If a graph has a cycle double cover, the cycles of the cover can be used to form the 2-cells of a graph embedding onto a two-dimensional cell complex. In the case of a cubic graph, this complex always forms a manifold. The graph is said to be circularly embedded onto the manifold, in that every face of the embedding is a simple cycle in the graph. However, a cycle double cover of a graph with degree greater than three may not correspond to an embedding on a manifold: the cell complex formed by the cycles of the cover may have non-manifold topology at its vertices. The circular embedding conjecture or strong embedding conjecture[3] states that every biconnected graph has a circular embedding onto a manifold. If so, the graph also has a cycle double cover, formed by the faces of the embedding.
For cubic graphs, biconnectivity and bridgelessness are equivalent. Therefore, the circular embedding conjecture is clearly at least as strong as the cycle double cover conjecture. However, it turns out to be no stronger. If the vertices of a graph G are expanded to form a cubic graph, which is then circularly embedded, and the expansions are undone by contracting the added edges, the result will be a circular embedding of G itself. Therefore, if the cycle double cover conjecture is true, every biconnected graph has a circular embedding. That is, the cycle double cover conjecture is equivalent to the circular embedding conjecture, even though a cycle double cover and a circular embedding are not always the same thing.[3]
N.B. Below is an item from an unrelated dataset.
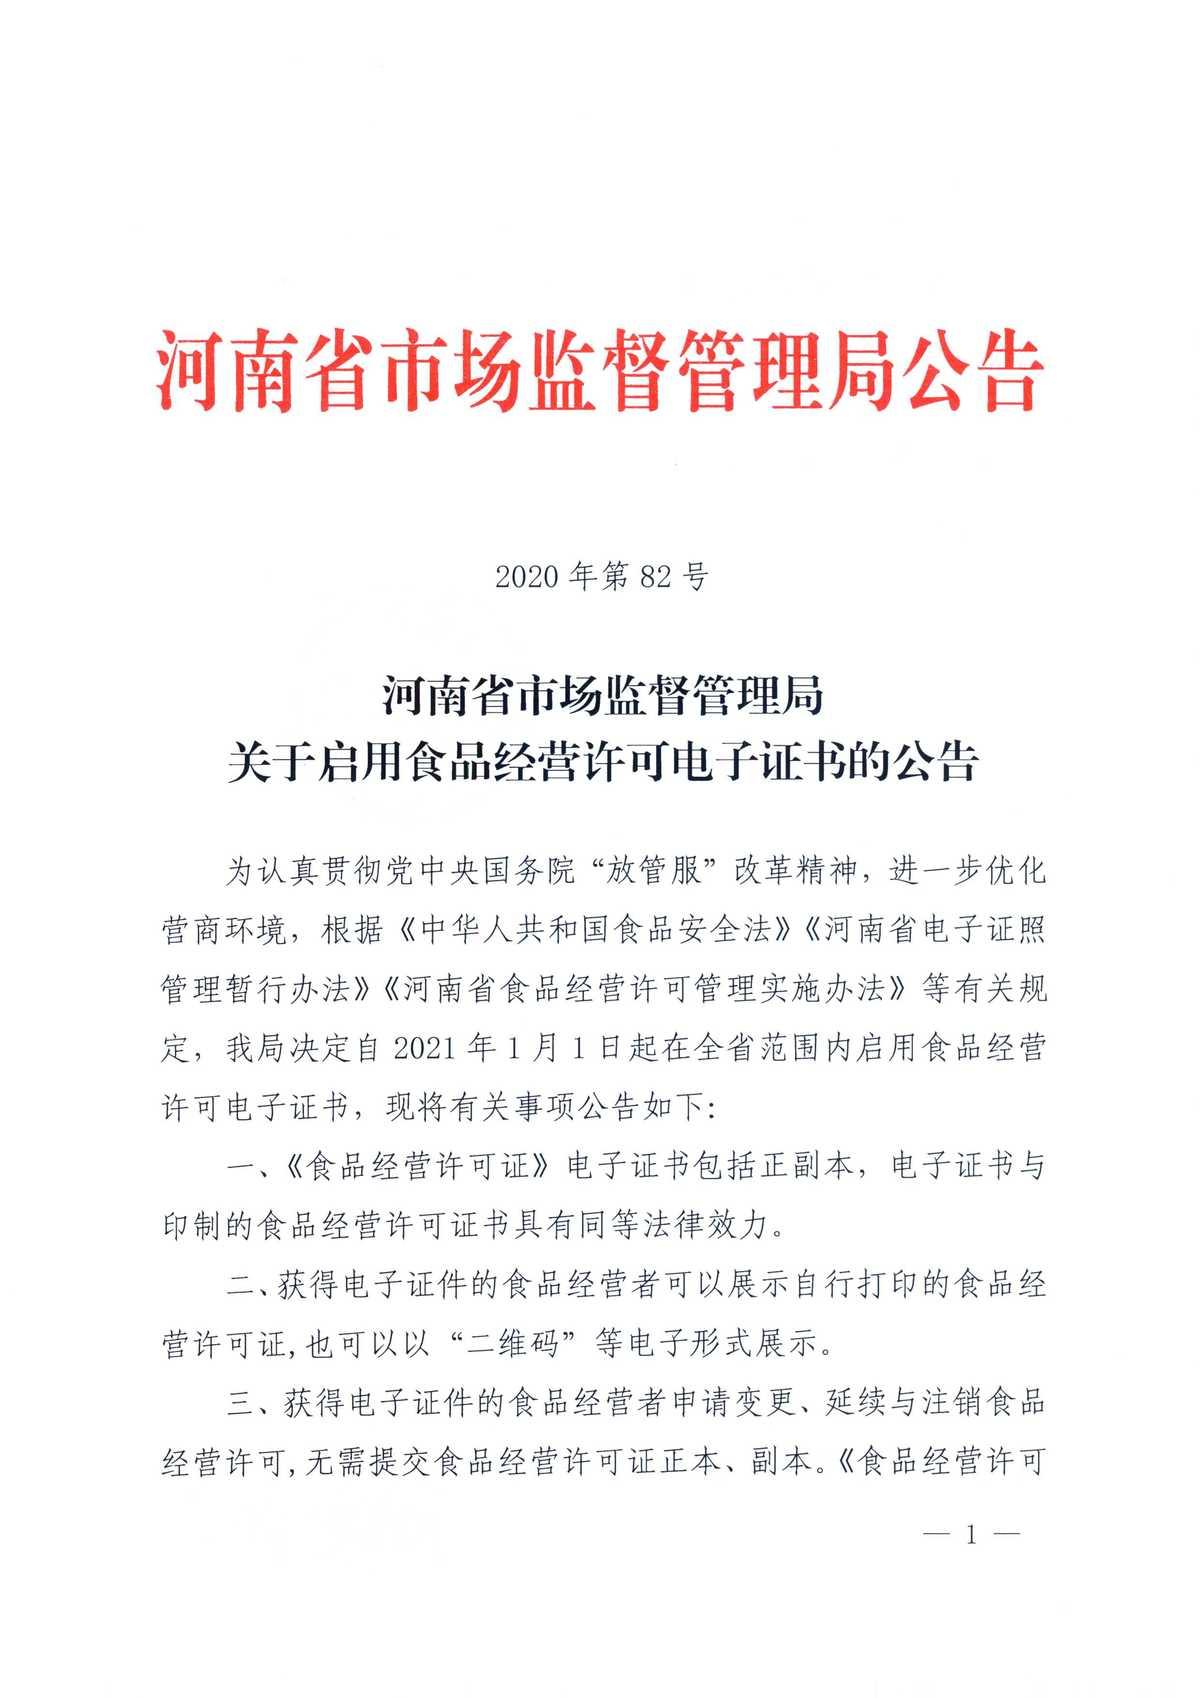 河南省市场监督管理局关于启用食品经营许可电子证书的公告

If a circular embedding exists, it might not be on a surface of minimal genus: Nguyen Huy Xuong described a biconnected toroidal graph none of whose circular embeddings lie on a torus.[3]
A stronger version of the circular embedding conjecture that has also been considered is the conjecture that every biconnected graph has a circular embedding on an orientable manifold. In terms of the cycle double cover conjecture, this is equivalent to the conjecture that there exists a cycle double cover, and an orientation for each of the cycles in the cover, such that for every edge e the two cycles that cover e are oriented in opposite directions through e.[3]
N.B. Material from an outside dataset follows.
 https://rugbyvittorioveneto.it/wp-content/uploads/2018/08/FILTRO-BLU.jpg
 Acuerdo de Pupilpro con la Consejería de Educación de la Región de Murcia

Alternatively, strengthenings of the conjecture that involve colorings of the cycles in the cover have also been considered. The strongest of these is a conjecture that every bridgeless graph has a circular embedding on an orientable manifold in which the faces can be 5-colored. If true, this would imply a conjecture of W. T. Tutte that every bridgeless graph has a nowhere-zero 5-flow.[3]
A stronger type of embedding than a circular embedding is a polyhedral embedding, an embedding of a graph on a surface in such a way that every face is a simple cycle and every two faces that intersect do so in either a single vertex or a single edge. (In the case of a cubic graph, this can be simplified to a requirement that every two faces that intersect do so in a single edge.) Thus, in view of the reduction of the cycle double cover conjecture to snarks, it is of interest to investigate polyhedral embeddings of snarks. Unable to find such embeddings, Branko Grünbaum conjectured that they do not exist, but Kochol (2009a, 2009b) disproved Grünbaum's conjecture by finding a snark with a polyhedral embedding.